Soil quality parameters indicated best restoration through rhizoremediation

The first, and most noticeable, consequence of a forest fire is the black ash coat (Knicker, 2007) generated by the combustion of the vegetation layer, which leads to the release of cations (Certini, 2005; Smith et al., 2008). This explains the increase in soil pH observed after burning (Fig. 4). Because changes in pH can negatively affect microbial populations and their ability to degrade toxic compounds (Leahy and Colwell, 1990), the stabilization of pH to pre-fire levels is vital in remediation strategies. Our study revealed that Bioremediation and Rhizoremediation treatments were equally effective at restoring pH levels to pre-fire levels. This is also apparent, as non-inoculated plants were less capable of restoring pH levels versus inoculated plants. This soil acidification could be ascribed to the increase of soil microbial activity, as introduced an indigenous microorganisms produce acids and enzymes to solubilize soil nutrients, increasing their availability for plants and microorganisms alike. The same effect takes place for available P (Supporting Information Table S1), which slightly increases after fire and achieved maximal concentration in soil after treatment. Pseudomonas putida BIRD-1, one of the microorganisms used in this study, is capable of producing several enzymes and acids in order to solubilize insoluble phosphates (Roca et al., 2013). The use of this bacterium favours the availability of soluble forms of phosphate for plants.

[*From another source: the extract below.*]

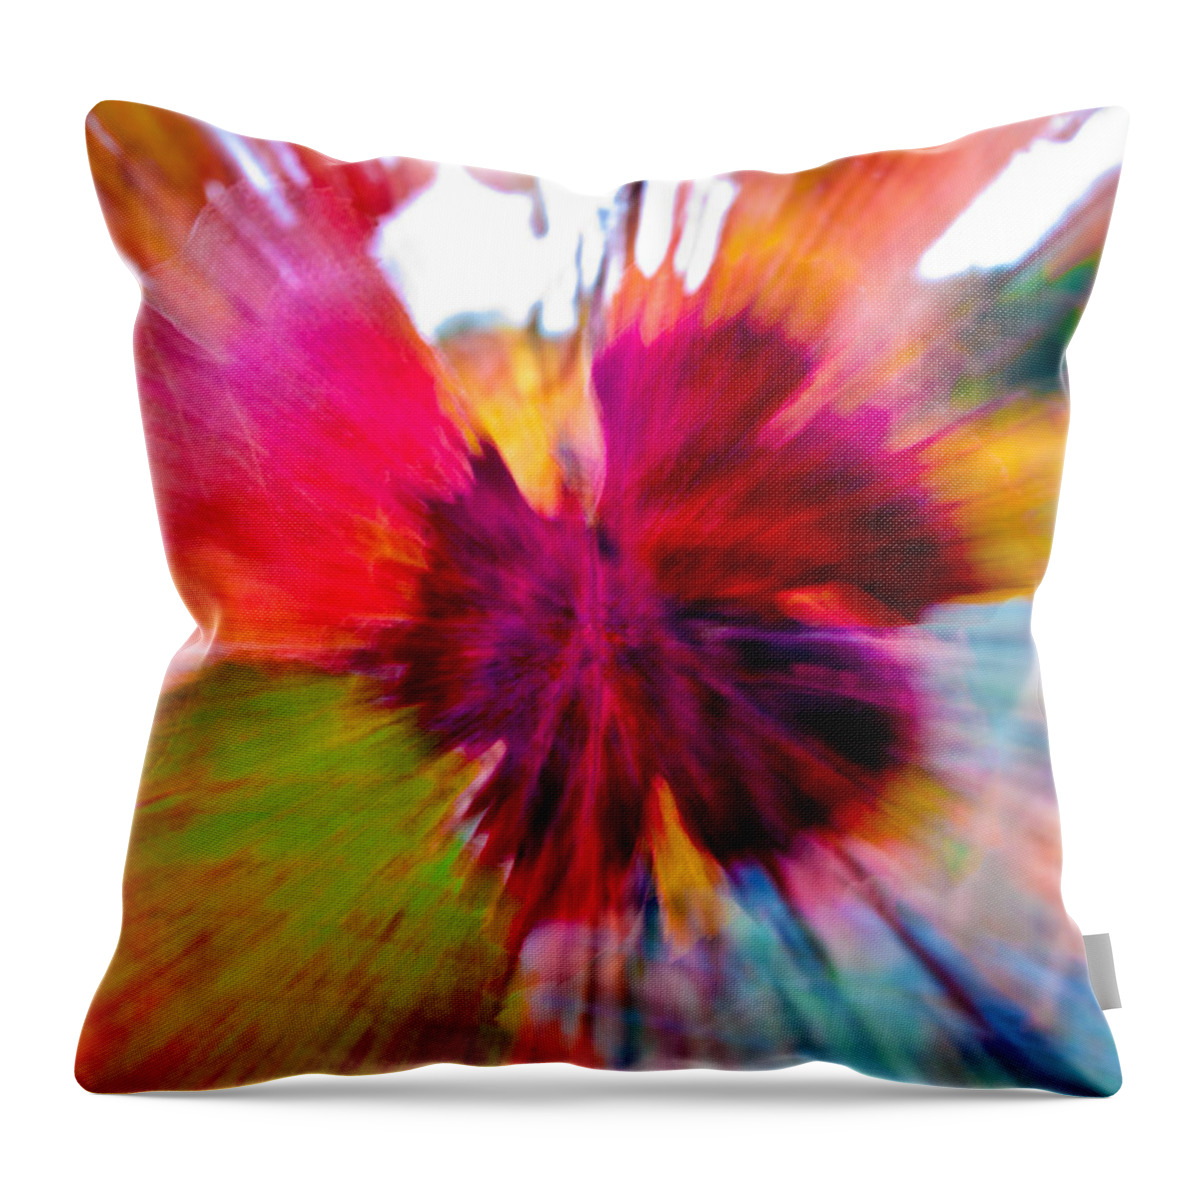 Grapevine Throw Pillow featuring the photograph Grape Vine Burst by Bill Gallagher
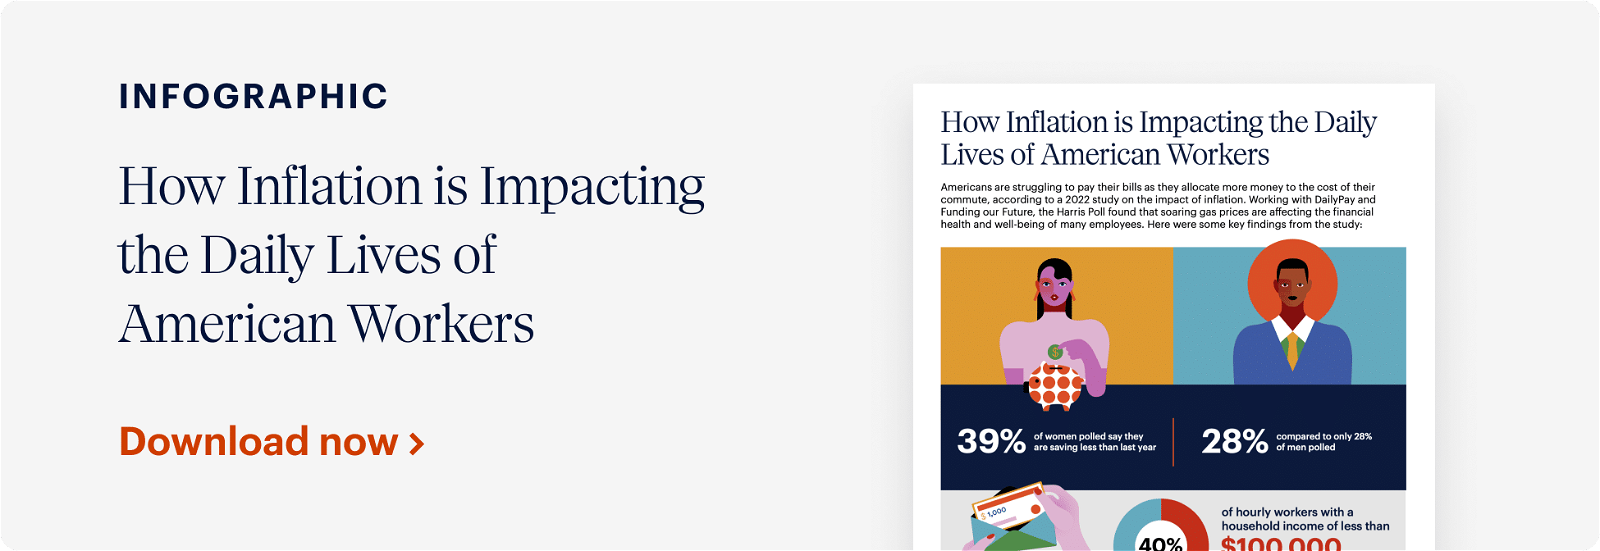 Infographic titled "How Inflation is Impacting the Daily Lives of American Workers." It features stats like "39% of Americans delay or avoiding major life events," and "28% report cutting back on essentials." Includes visuals of a woman worried about finances and a person grocery shopping. Download now button on the left.

After fire, an increase of organic matter and total N was observed (Supporting Information Table S1), as previously described by Certini (2005). These parameters positively evolve along the treatment, as consequence of introduction of plants in rhizoremediation treatment and the improvement in soil microbial activity. An increase of available K is noticed after fire (Supporting Information Table S1), which is in concordance to parameters described by Khanna and Raison (1986). The proportion of cations (K+) decreases along the study as consequence of lixiviation and/or runoff (Certini, 2005).

An increase in salinity was also noticed after fire (Supporting Information Table S1), as described by several authors (Naidu and Srivasuki, 1994; Hernández et al., 1997), as consequence of the liberation of organic cations from organic matter. Soil conductivity increased after treatment, as consequence of the liberation of ions and cations due to solubilization of soil nutrients mediated by the increase of microbial activity.

In soil ecotoxicology, soil enzyme activities are used as indexes of soil disturbance or restoration because of their sensitivity to natural and anthropogenic induced stresses. These indexes are easy to measure and can detect the impact of microbial activities on nutrient cycling (Nannipieri et al., 2002; Gianfreda et al., 2005; Karaca et al., 2011). In this study, three different enzymatic activities were monitored (Fig. 5): (i) dehydrogenases, which take part in reactions involved in energy transfer in microbial metabolism (Karaca et al., 2011), (ii) phosphatases, which hydrolyze organic phosphorous compounds into different forms of inorganic phosphorous (Karaca et al., 2011) and (iii) β-glucosidases, which are involved in the saccharification of cellulose. β-glucosidases and phosphatases are directly involved in C and P cycles respectively (Bandick and Dick, 1999).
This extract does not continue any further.